DATA PROVIDED:
§

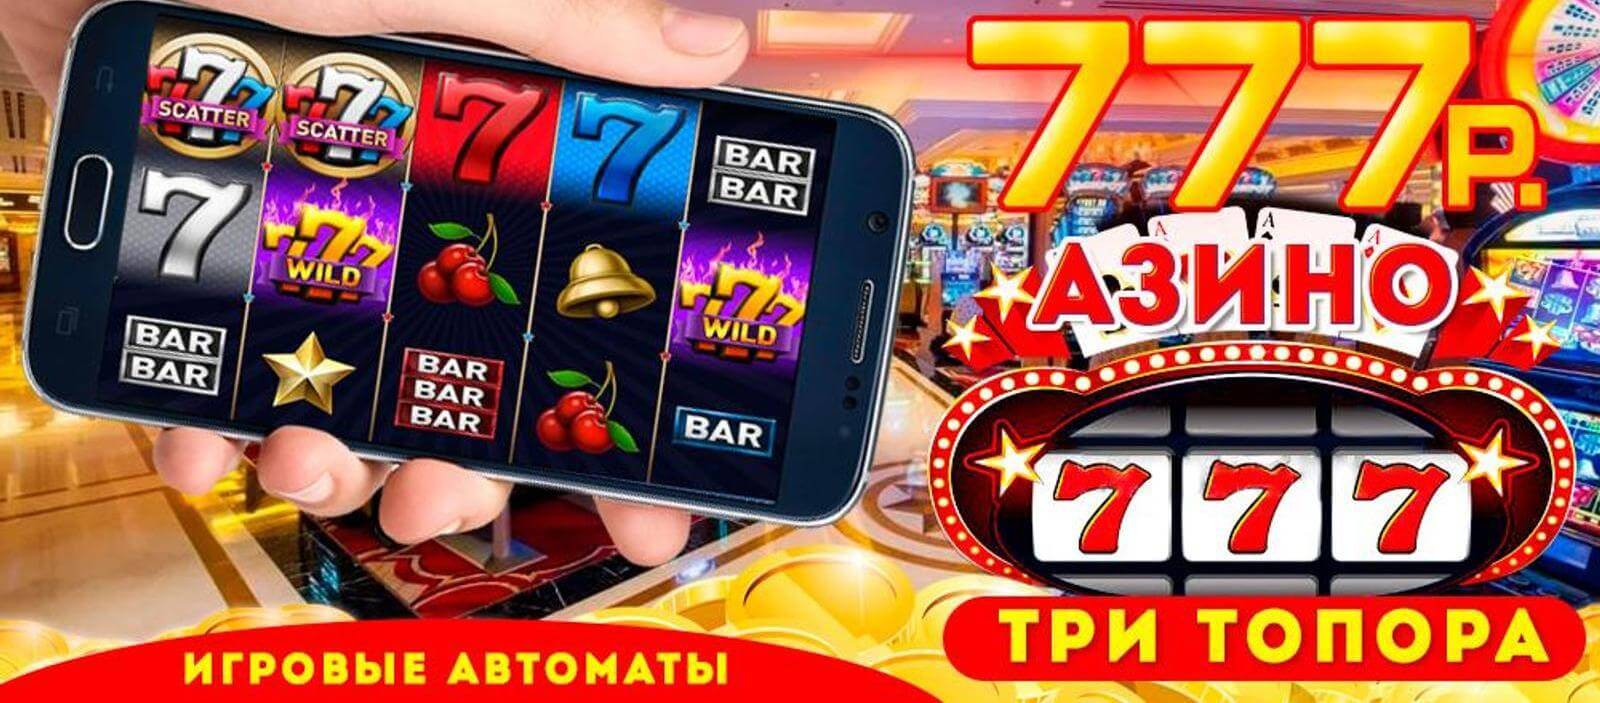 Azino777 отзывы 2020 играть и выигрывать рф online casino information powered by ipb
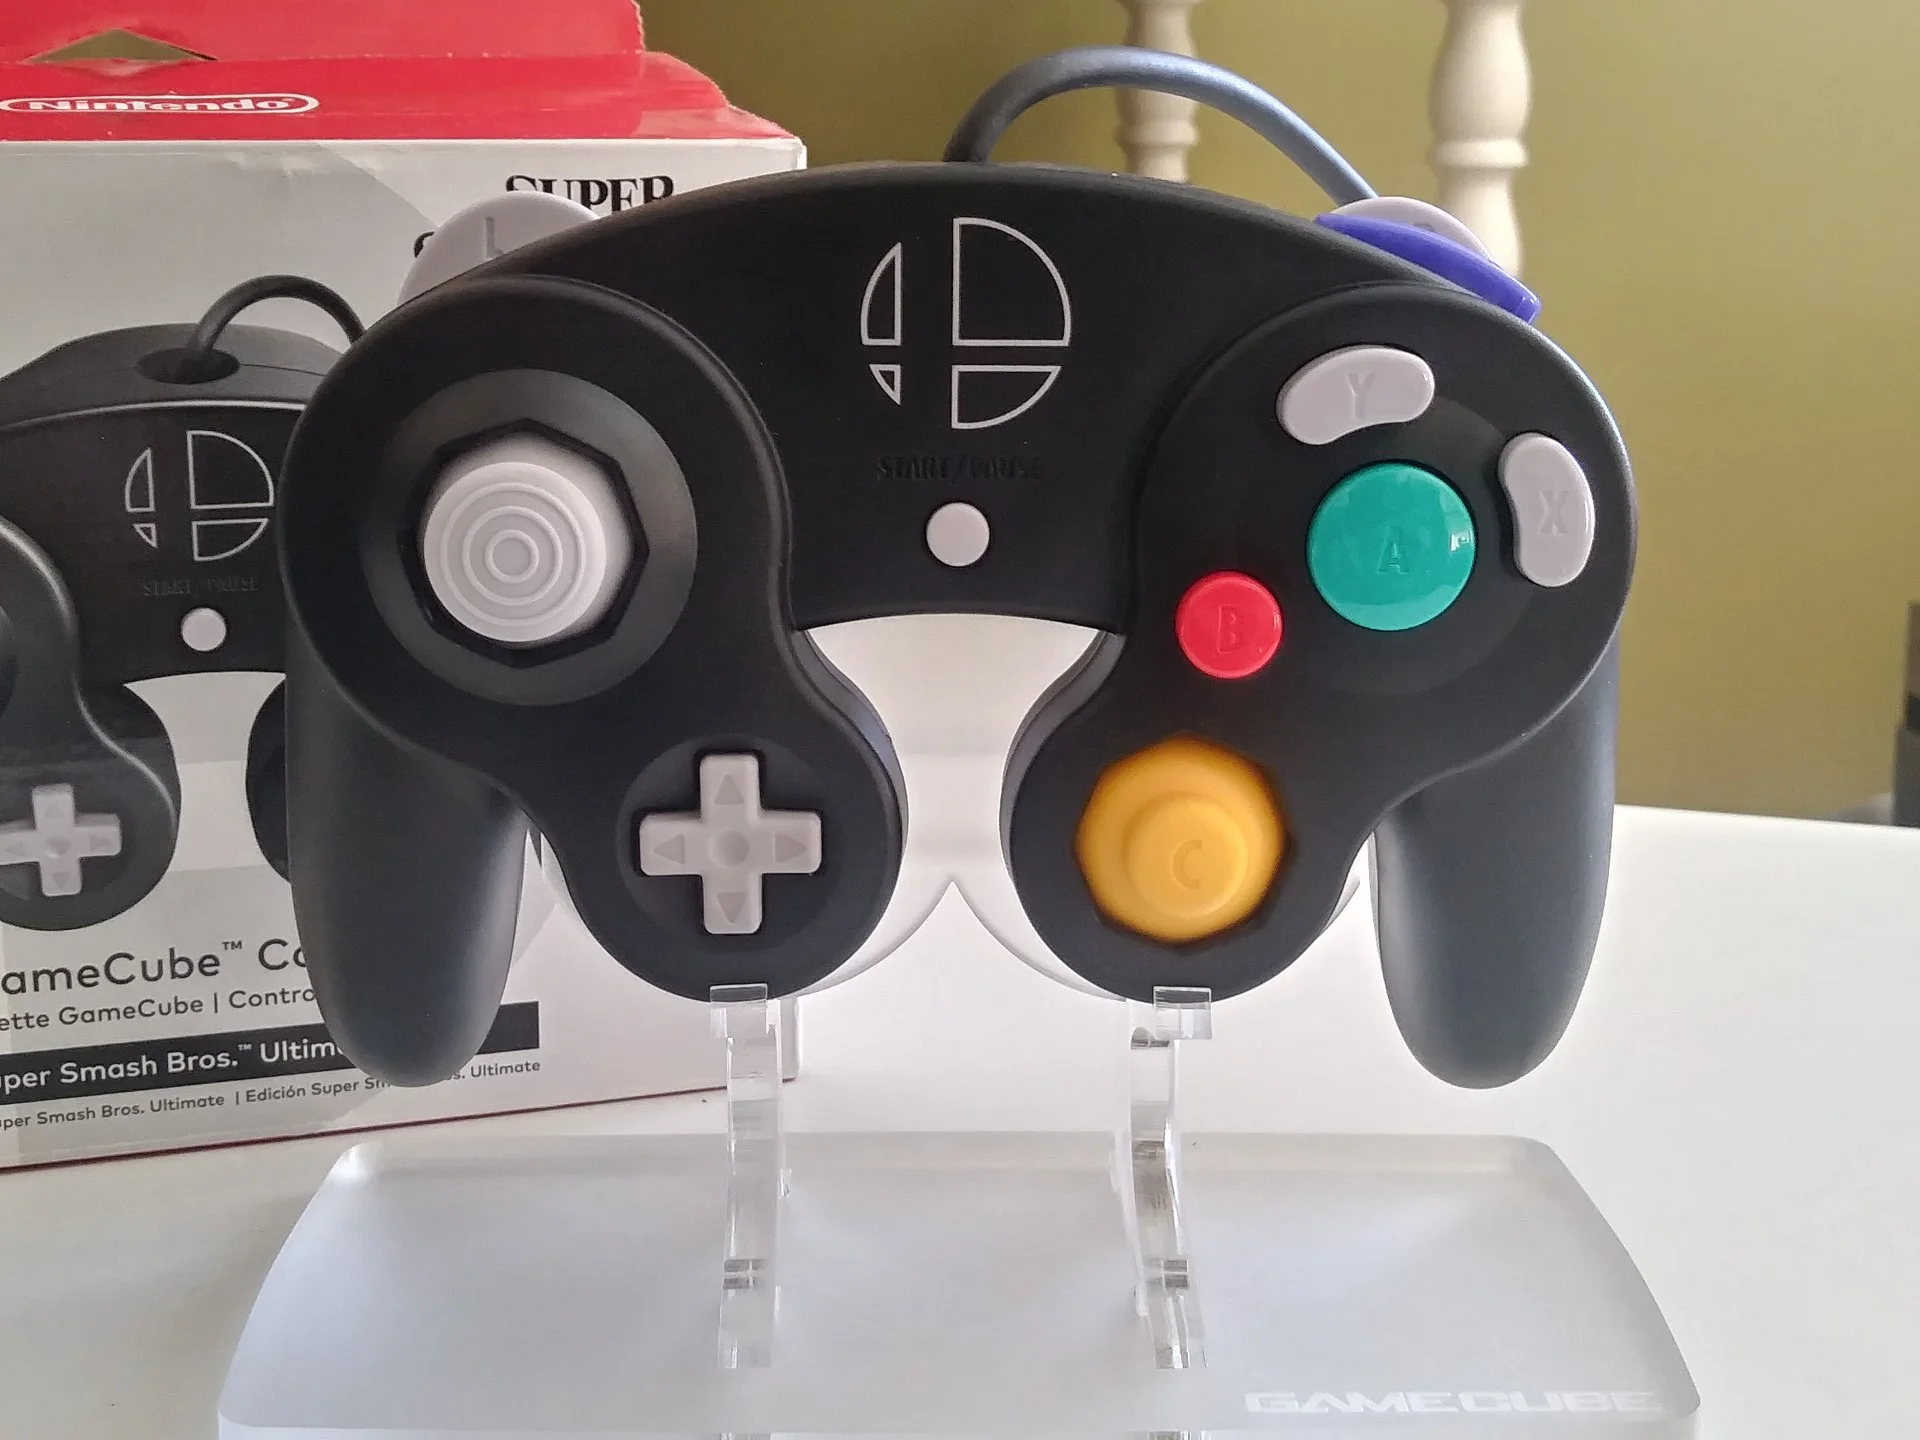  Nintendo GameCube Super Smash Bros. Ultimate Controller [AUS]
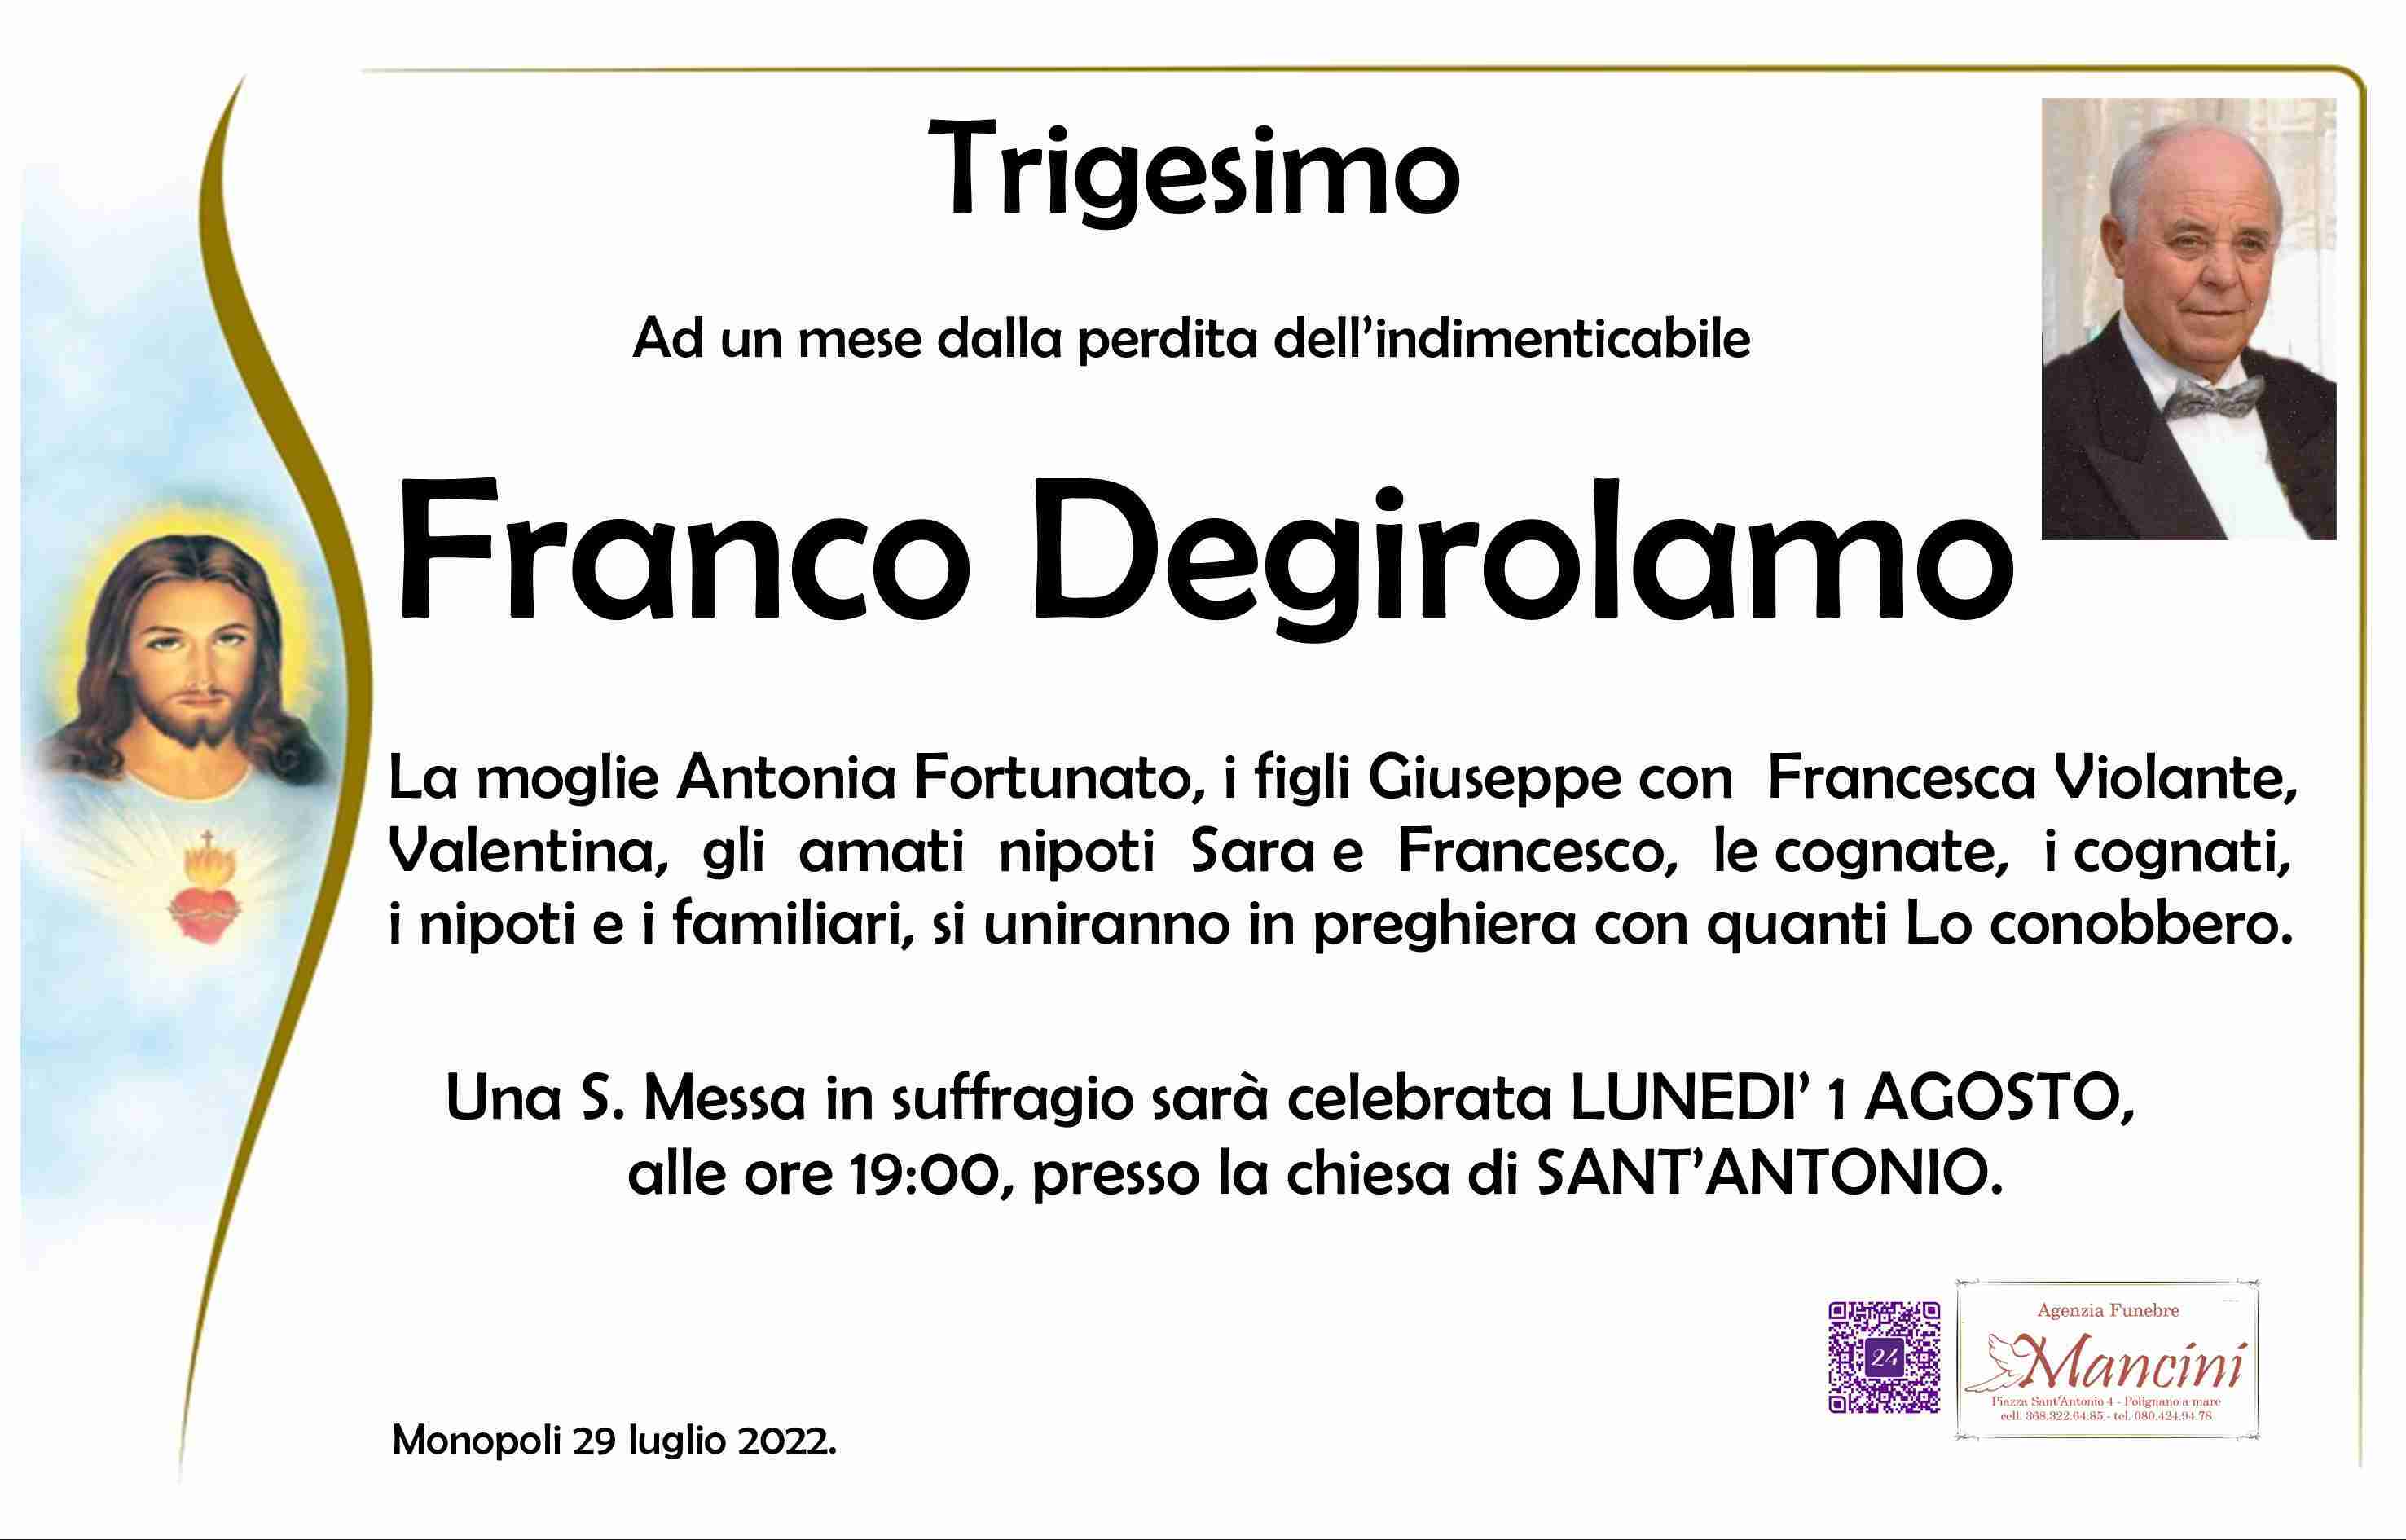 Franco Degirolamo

§

EXERCISE: Repeat the listing verbatim, pictures excluded.

WORKED SOLUTION:
 Azino777 отзывы 2020 играть и выигрывать рф online casino information powered by ipb
  Nintendo GameCube Super Smash Bros. Ultimate Controller [AUS]
 Franco Degirolamo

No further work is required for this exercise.